We pushed southward. We’d heard the first crickets at the watershed the previous day, but they were a near continuous accompaniment. The poppies that had lined our ride through Normandy continued, but we also had bougainvillea and palms. We crossed the river at Chalon-sur-Soane which is a fine looking stone-built town and stopped briefly to buy water before heading south again across flat land covered in vines. We left RN6 at Chalon and took to D roads almost free of traffic. The miles came and went easily, and we were in good shape when we took lunch at Cuisery with 52 miles down and 30 to go.

A new ingredient appeared in the pot. Chicken. Lots and lots of chicken. Posters depicting chickens. Big sheds full of chickens. And, on the way in to Bourg, the most magnificent, whoppingsome, upright cock you’ve ever clapped eyes on. The cock of cocks.





Bourg-en-Bresse is a plug-ugly town. We stopped for supplies at a supermarket where foodstamps were exchanged for packaged gunk consisting in equal measure of fat, sugar, air by volume and water by weight, and repaired to the MaccyDs for a Bourg-en-Bresse chickyburger.





And then we went to the cool sanctity of the Mercure, supped beer and laid ourselves down to sleep.

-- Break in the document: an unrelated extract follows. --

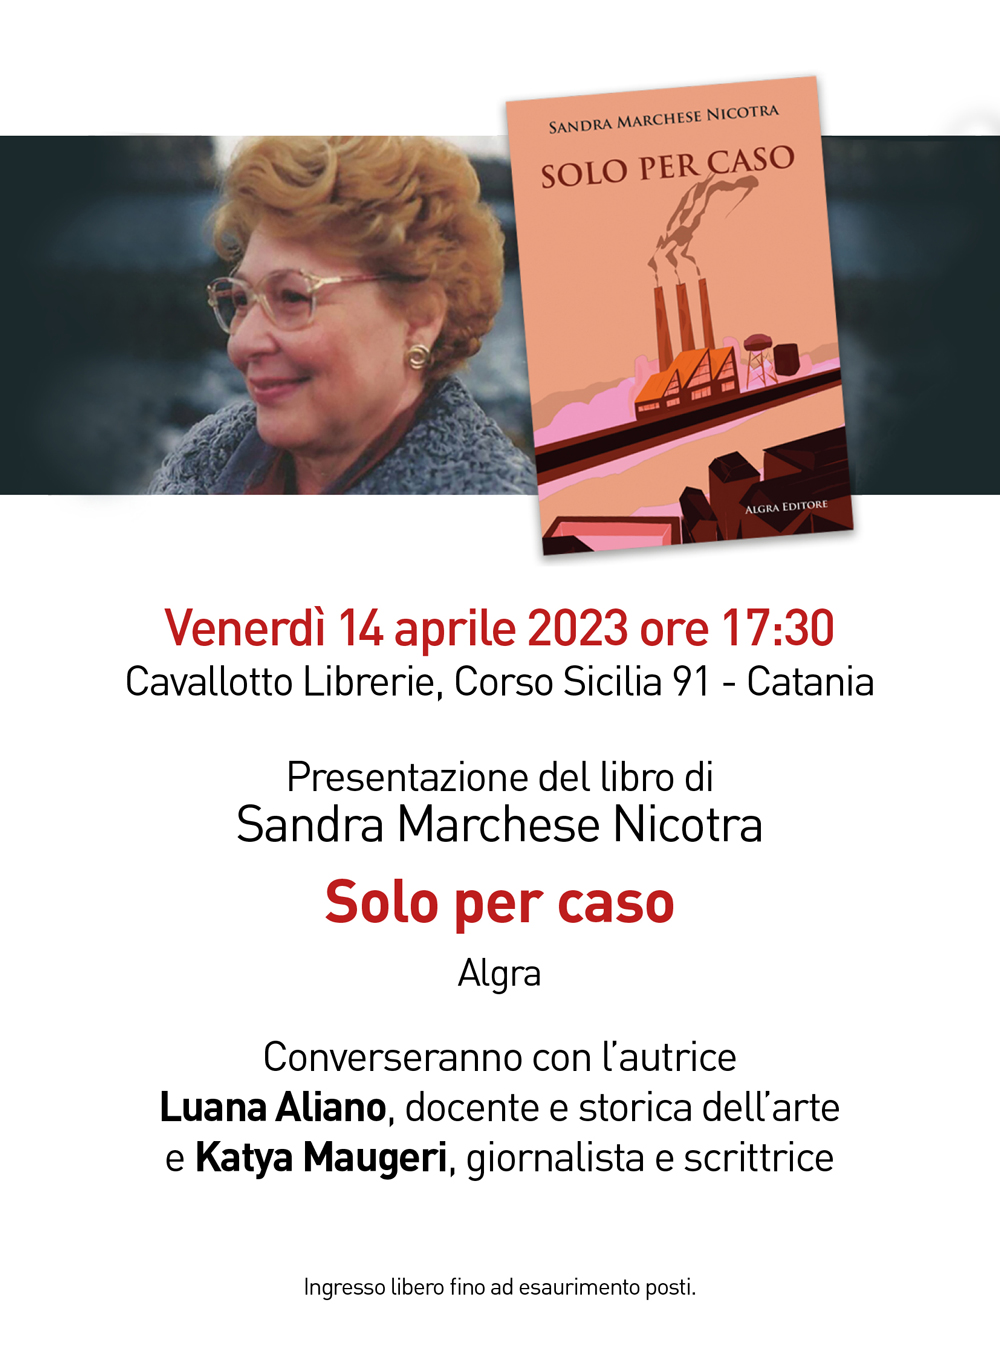 Presentazione del libro di Sandra Marchese Nicotra “Solo per caso”, Algra Editore.
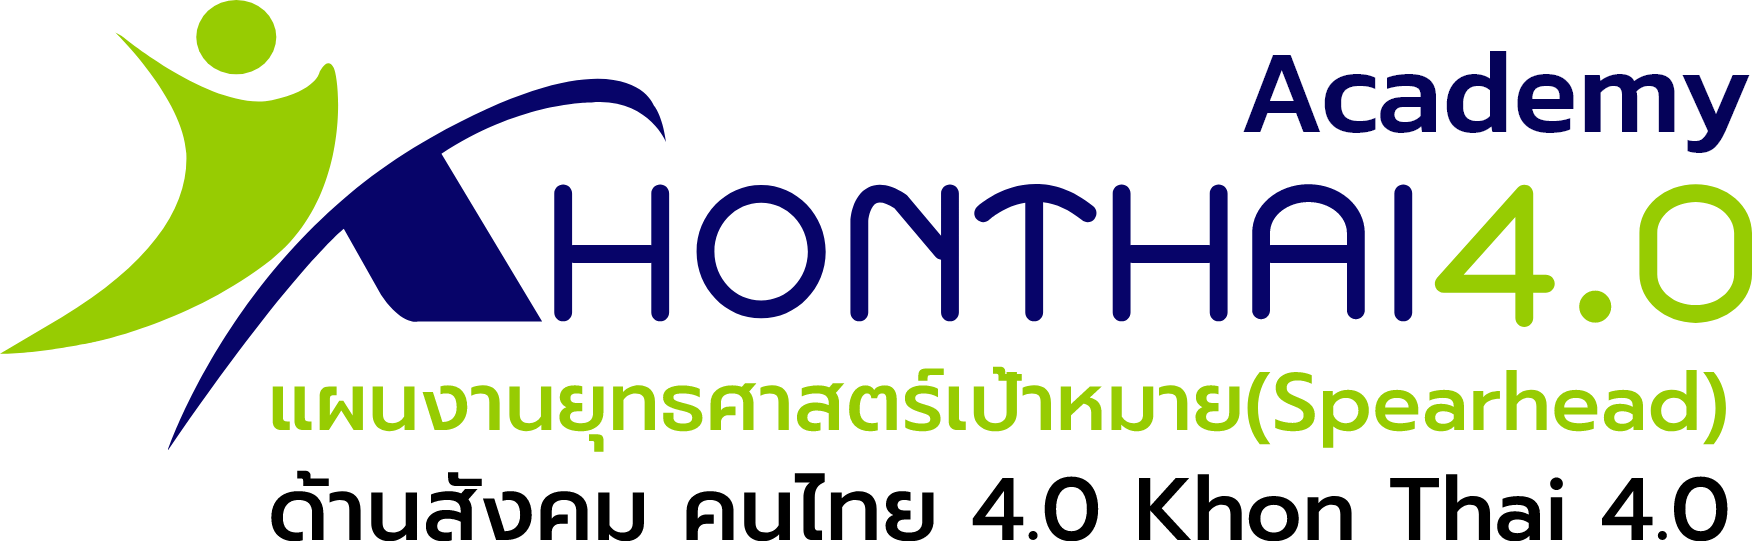 konthai4.0 logo

https://www.plotaroute.com/route/174433


----------



## hatler (28 Jun 2016)

Neat ! Only just stumbled onto this thread. Sounds like glorious fun. Looking forward to the next instalment.


----------



## StuAff (28 Jun 2016)

dellzeqq said:


> Day 5. A load of cock.
> 
> We’d settled up with the hotel the previous night, allowing us to creep out at six in the morning. The routiers were out in force, and, for all the miles we’d done from Paris both the road and the surroundings were pretty much as they’d been for the last two days.
> 
> ...


You could have had Bresse chicken! The motorway services on the A39 (which does seem to be bike-accessible) is the world's biggest retailer of those rather special birds.


----------



## dellzeqq (29 Jun 2016)

Day 6. Hills

There's been some ups and downs along the way, but nothing one could describe as a hill. To be sure we'd reached a height greatly in excess of anything we rode up on LonJog, but we'd got to an altitude of 1800 feet almost imperceptibly. Day 6 would be the first test of the granny gears. But first....more of the same.

Sometime in the night my two day old rear inner tube exhaled gently. My pneu had pnunctured. I pulled it off and found what I'd failed to spot outside of Arnay-le-Duc - the newfangled plastic rim tape, (standard on cheaper Shimano wheels but, hitherto kept away from Dura-Ace wheels which have been furnished with proper woven rim tape), had a slightly different outline at the hole in the rim formed for the tyre valve. Cue cut around the base of the valve. Help was at hand at the Mercure front desk. They lent me scissors, I cut out a piece of the ruined tube and fitted it around the valve of a new tube as a kind of pnuncture prophylactic and pumped the tyre to a modest 100psi. It held.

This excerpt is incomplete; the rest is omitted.